Friday, February 17, 2012

The Trolley Problem

Copyright Nintendo
There is a school of thought called ethics, which deals in moral standards and such of human beings.  Within this basis, there is a thought experiment called the Trolley Problem.  Herewith the experiment from Wikipedia:

Suppose that a judge or magistrate is faced with rioters demanding that a culprit be found for a certain crime and threatening otherwise to take their own bloody revenge on a particular section of the community. The real culprit being unknown, the judge sees himself as able to prevent the bloodshed only by framing some innocent person and having him executed. Beside this example is placed another in which a pilot whose aeroplane is about to crash is deciding whether to steer from a more to a less inhabited area. To make the parallel as close as possible it may rather be supposed that he is the driver of a runaway tram which he can only steer from one narrow track on to another; five men are working on one track and one man on the other; anyone on the track he enters is bound to be killed. In the case of the riots the mob have five hostages, so that in both the exchange is supposed to be one man's life for the lives of five.

There are a few variations (ranging from pushing a villain in front of the trolley to stop it and having the one person be your own mother), but they are all based off this one.

What makes this so interesting is that it is a dilemma in total.  There is no right answer.  Either you kill one person or you kill five people.  Regardless, you kill someone.
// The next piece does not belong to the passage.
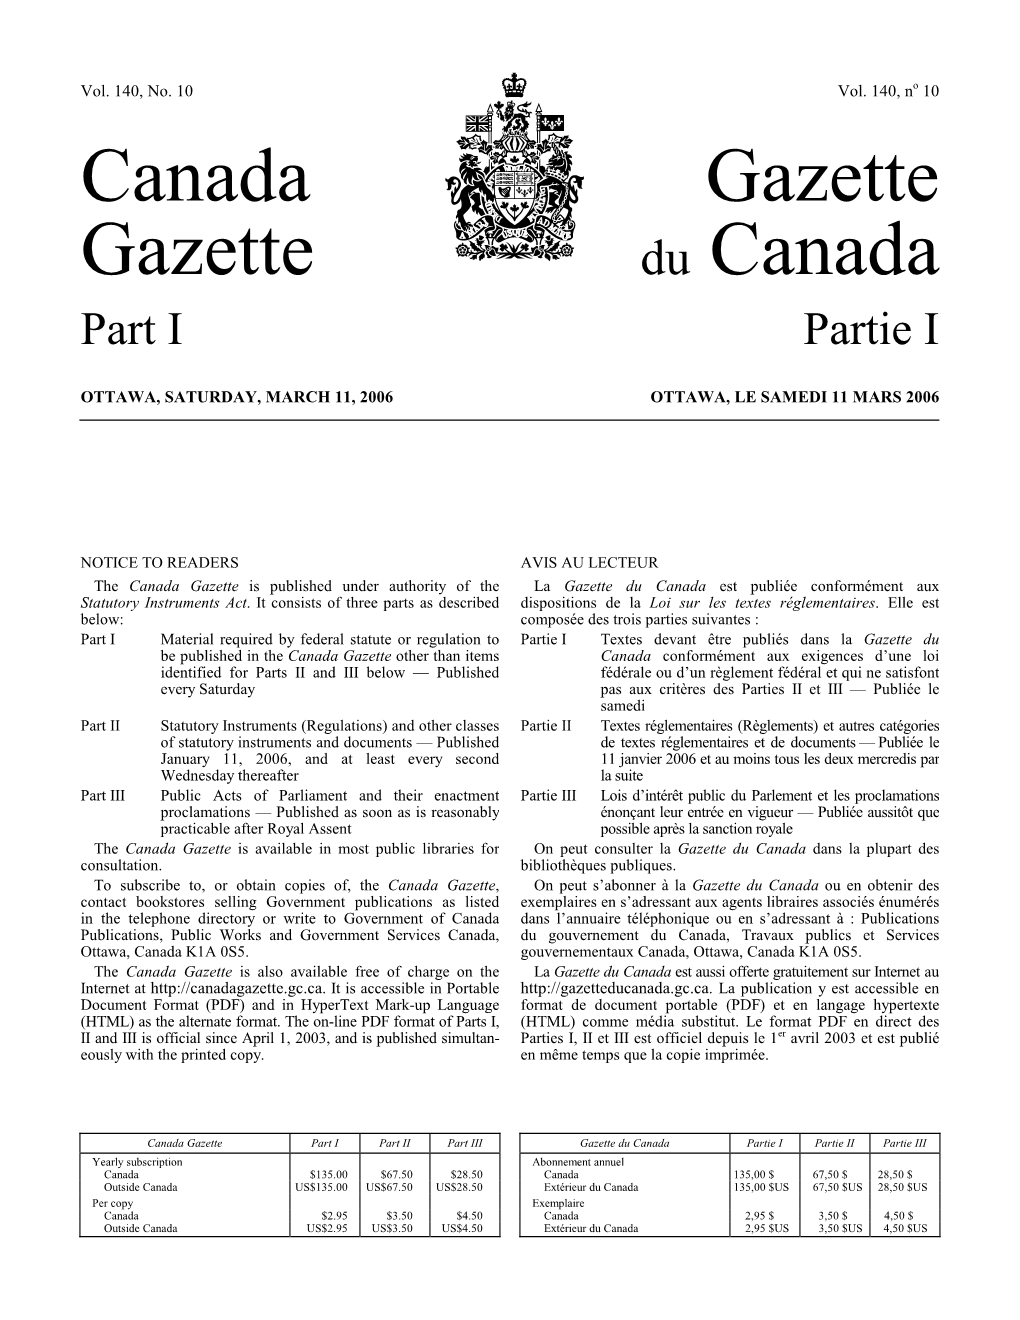 Canada Gazette, Part I, January 31, 1998 1 Supplément, Gazette Du Canada, Partie I, 31 Janvier 1998

So the question is, do you choose the lesser of two evils, or do you stand back and watch it happen.  Someone said once, all that is needed for the world to end up in chaos (or evil, or something of the sort) is for good men to stand by and do nothing.

There is a movie called Unthinkable that deals with another dilemma called the ticking time bomb.  In the thought experiment, a hypothetic terrorist has planted a bomb which will kill thousands of people and he has been captured.  The question is, can he be tortured so that thousands of lives can be spared?  I.e. can you commit evil to prevent greater evil?

In the movie,

SPOILERS HERE

the specialist interrogator eventually calls in the terrorist’s small children and threatens to torture them in order to get the location of the bomb.  In the end, the FBI agent calls the torture off, even though the possibility of a last bomb is probable.  Thus, she chooses to avoid committing an evil to prevent a greater evil.

SPOILERS END

In this moral dilemma, what would you do?  No matter how many times I think about it, I don’t know how to solve the trolley problem, because I can’t sacrifice the one person.  What is the right answer?  Is there one?